> WHAT YOU SHOULD DO
Pictures are not part of the copy; reproduce the remaining data exactly.

> PROVIDED DATA
------------------------------------------------------------

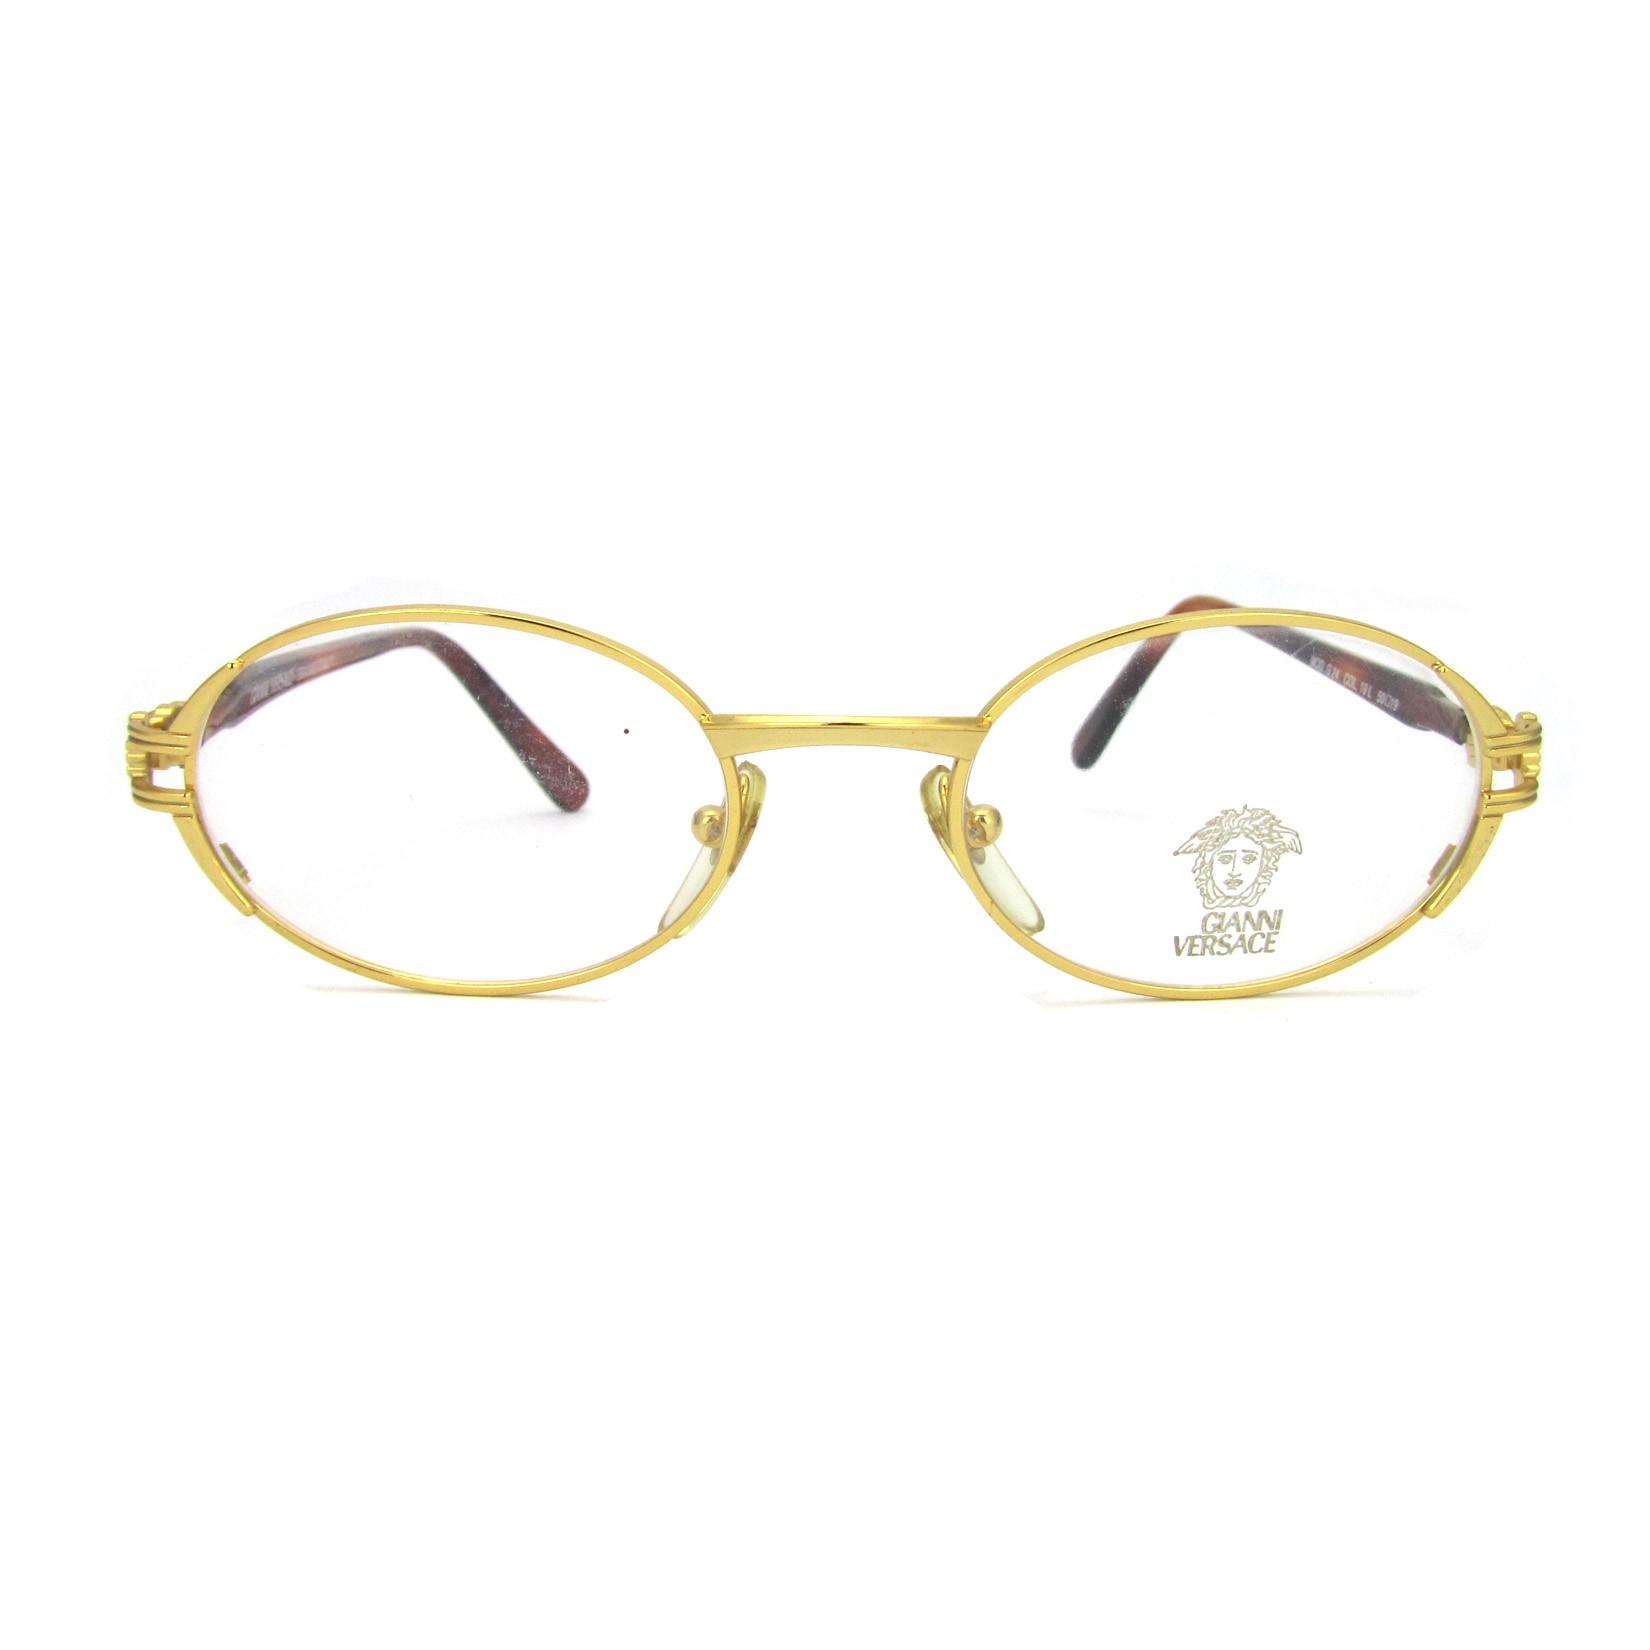 Versace   Sunglasses and Prescription Eyeglasses   Vintage Eyeglass ...
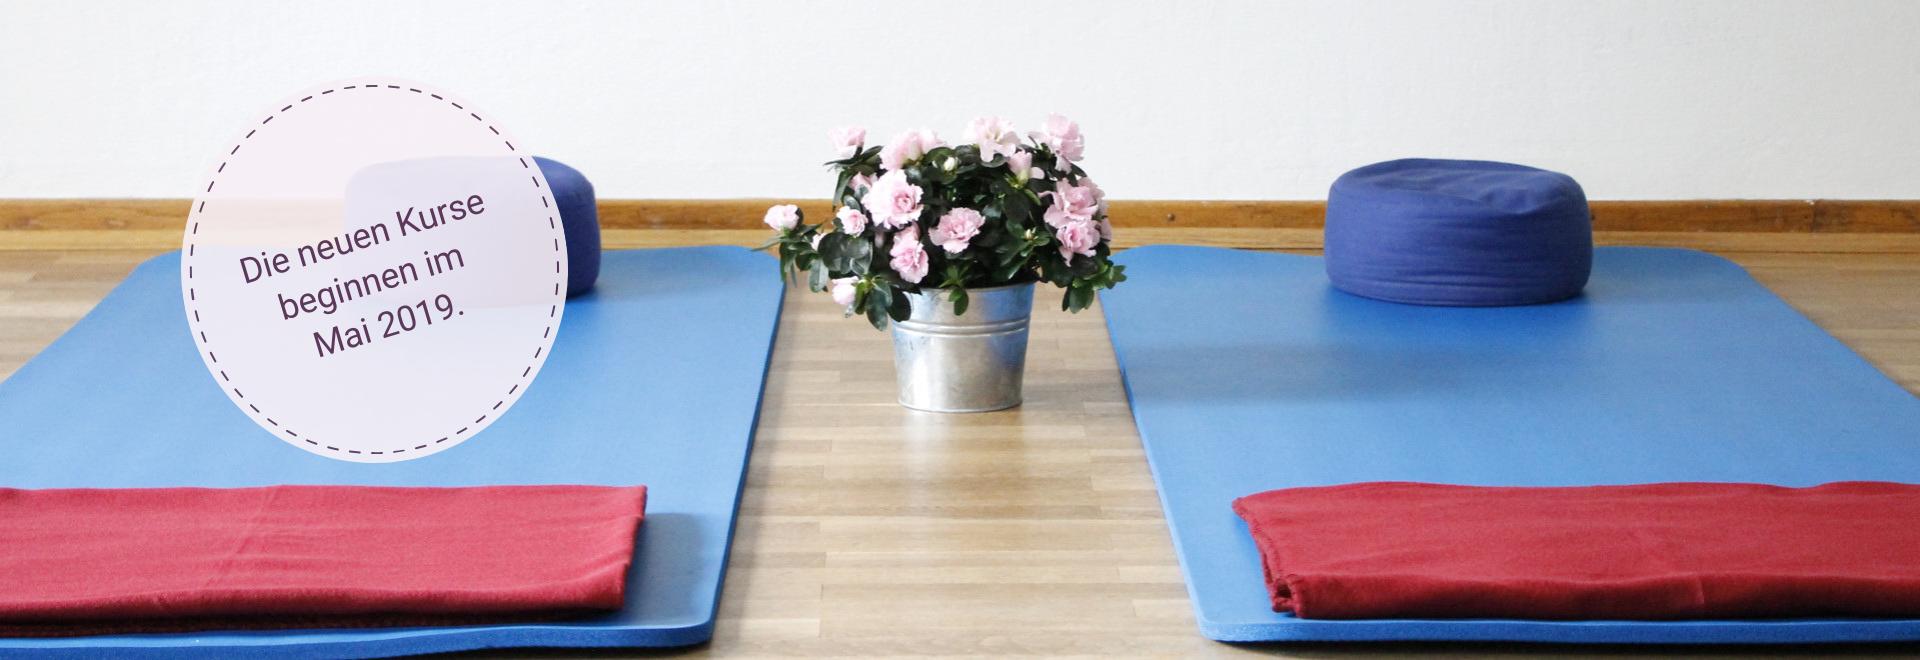 Yogakurse Wolfenbüttel Termine 2019 Mai
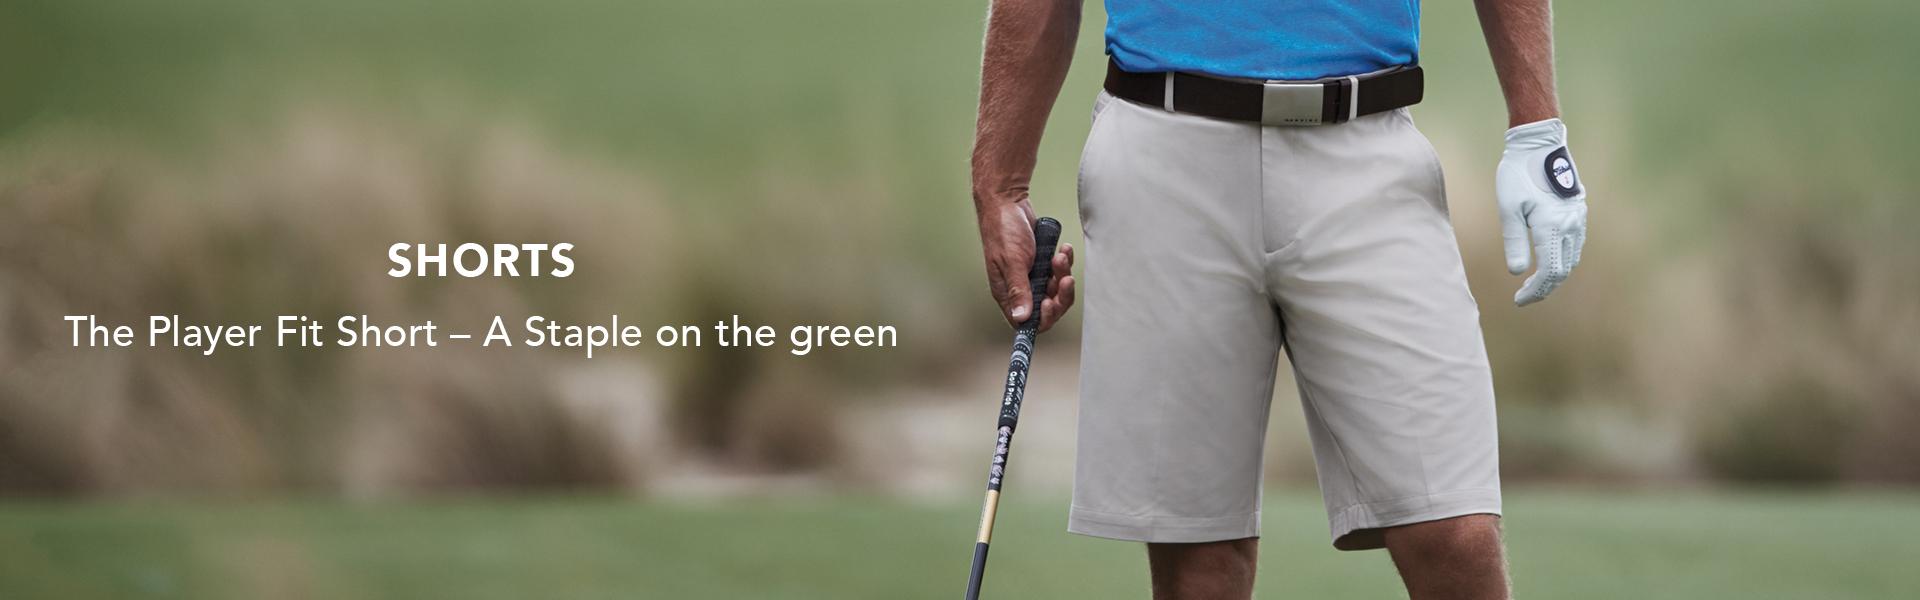 dunning-banner-anchor-golf-shorts.1.18.jpg

------------------------------------------------------------

> WRITTEN ANSWER
 Versace   Sunglasses and Prescription Eyeglasses   Vintage Eyeglass ...
 Yogakurse Wolfenbüttel Termine 2019 Mai
 dunning-banner-anchor-golf-shorts.1.18.jpg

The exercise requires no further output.